Generation Parameters
-
Temperature:
0.699999988
Mid-range creativity for natural, lively dialogue without chaos. -
Max Tokens:
4096
Upper bound for the model’s reply. Keep high for long scenes; reduce if you need to save tokens for context. -
Top P:
1
Full probability mass. Pairs well with the mid temperature above. -
Top K:
5
Limits choices to the 5 most likely next tokens at each step. Adds focus and reduces fluff. -
Frequency Penalty:
0
No penalty for reusing words. Good for consistent tone; consider0.2–0.4
if you notice repetitive phrasing. -
Presence Penalty:
0
No push toward new topics. Keeps characters “on subject.” -
Stop Sequences:
[]
None configured. Optional: add custom stops like["<END>"]
if you’re templating multi-part outputs.
Context Configuration
- Event History Count — Dialogue:
50
Number of recent events SkyrimNet includes when composing dialogue.
Higher = more continuity, but uses more of your 4096-token window.
Why These Defaults Work
- DeepSeek V3 (0324) balances cost, speed, and reasoning—solid for Default dialogue, combat banter, memory wording, and action selection.
- Temp ≈ 0.7 + TopK 5 gives expressive but grounded speech.
- No penalties keeps the character’s voice stable; SkyrimNet’s memory & prompts do the heavy lifting for variety.
Safe Tweaks by Use Case
Story-heavy roleplay
- Temperature:
0.7–0.85
- (Optional) Frequency Penalty:
0.2
to reduce repeated phrases in long scenes.

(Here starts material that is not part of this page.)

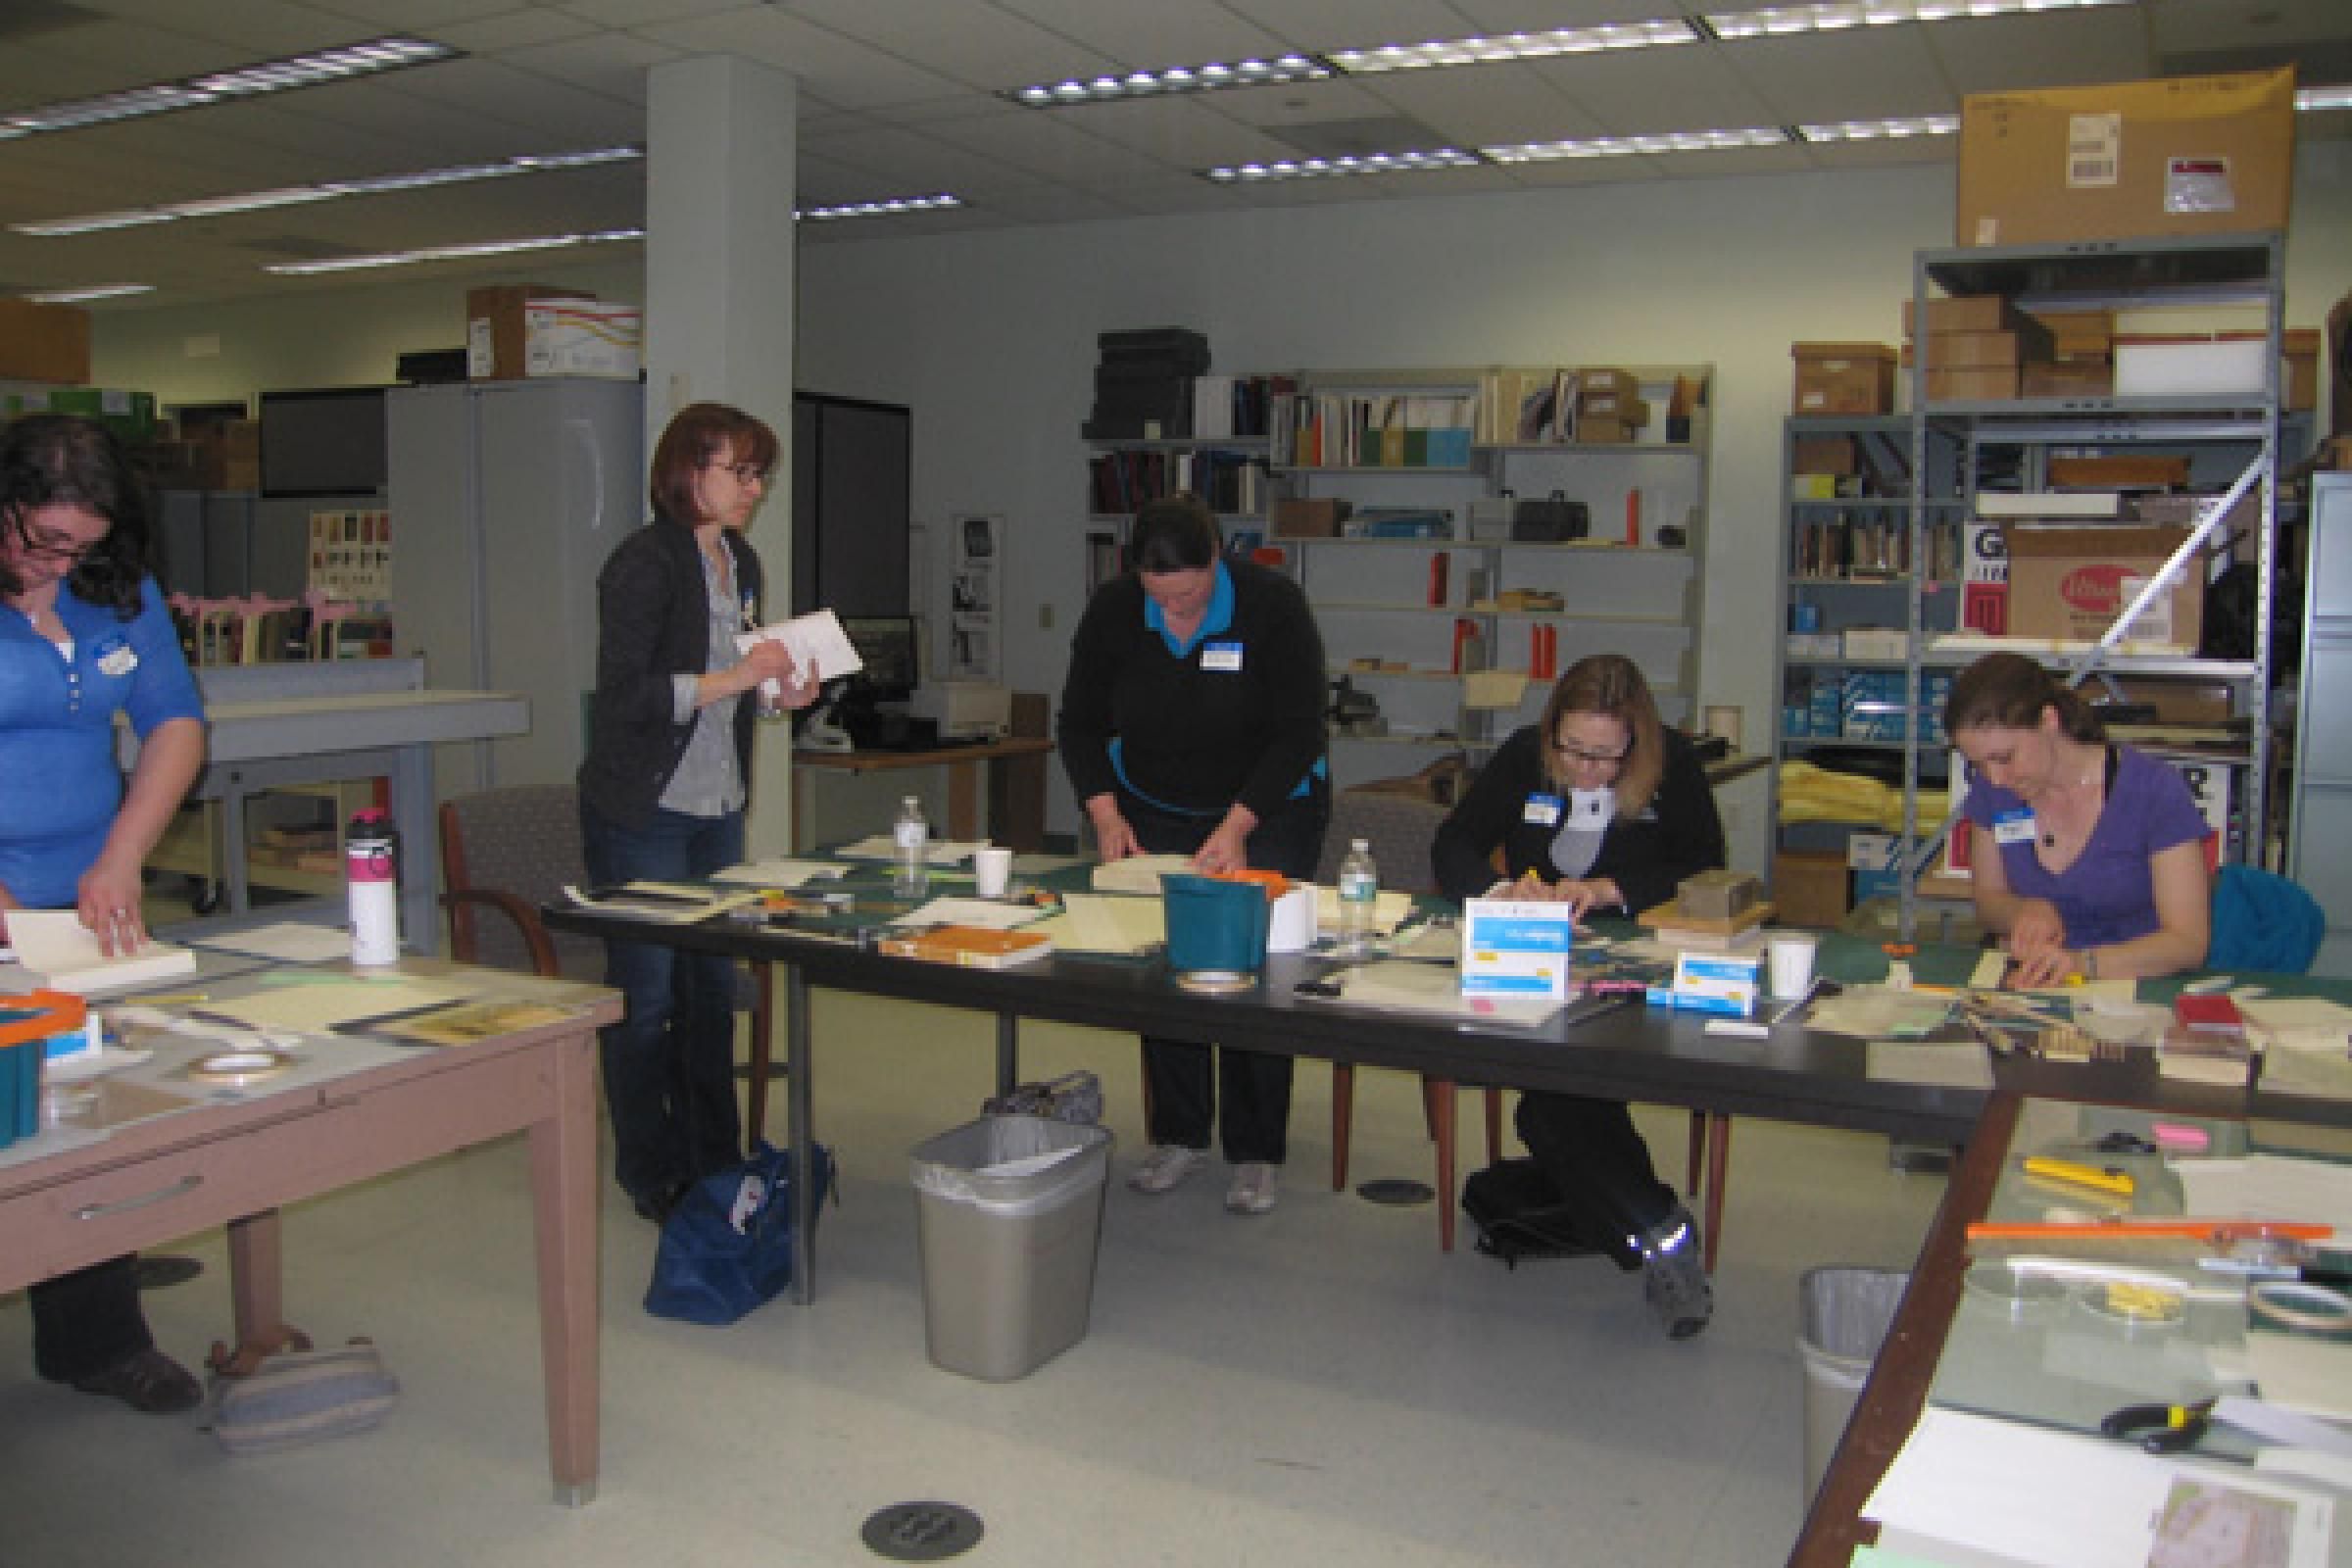  Students use their new knowledge to repair general collections items

Combat / mechanical decisions
- Temperature:
0.2–0.4
- TopK: keep
5
(or raise to10
if replies feel too terse).
Long scenes with many speakers
- Keep Event History Count at
50
but watch token usage. - If you hit the 4096 window, lower Max Tokens (reply) to
1200–2000
.
Looping or catchphrase repetition
- Frequency Penalty: bump from
0
→0.3–0.6
.
Token Budgeting Tips
The 4096 context length is shared by:
- System + template
- Memories
- Events
- Your new prompt
- The model’s reply
This size will usually be more than enough for each context window, but you can raise it, if needed. Also if you want to try and reduce token useage you can experiment lowering it. If replies are then getting cut off:
- Lower Event History Count (e.g.,
50 → 30
) - Lower Max Tokens for the reply
- Tighten prompts and memory snippets (advanced, see prompt tutorial)
Reliability Checklist
- Time-outs: If you see intermittent failures, raise Request Timeout to
30–60s
. - Routing: Keep
"route": "fallback"
to avoid provider outages.
Quick Reference
- Provider: OpenRouter
- Model:
deepseek/deepseek-chat-v3-0324
- Context:
4096
- Timeouts:
15s / 2s
- Temp:
~0.7
- TopP / TopK:
1 / 5
- Penalties:
0 / 0
- Event History (Dialogue):
50
These settings are a strong baseline. Adjust temperature and penalties per NPC or scene to shape voice and variety without sacrificing consistency.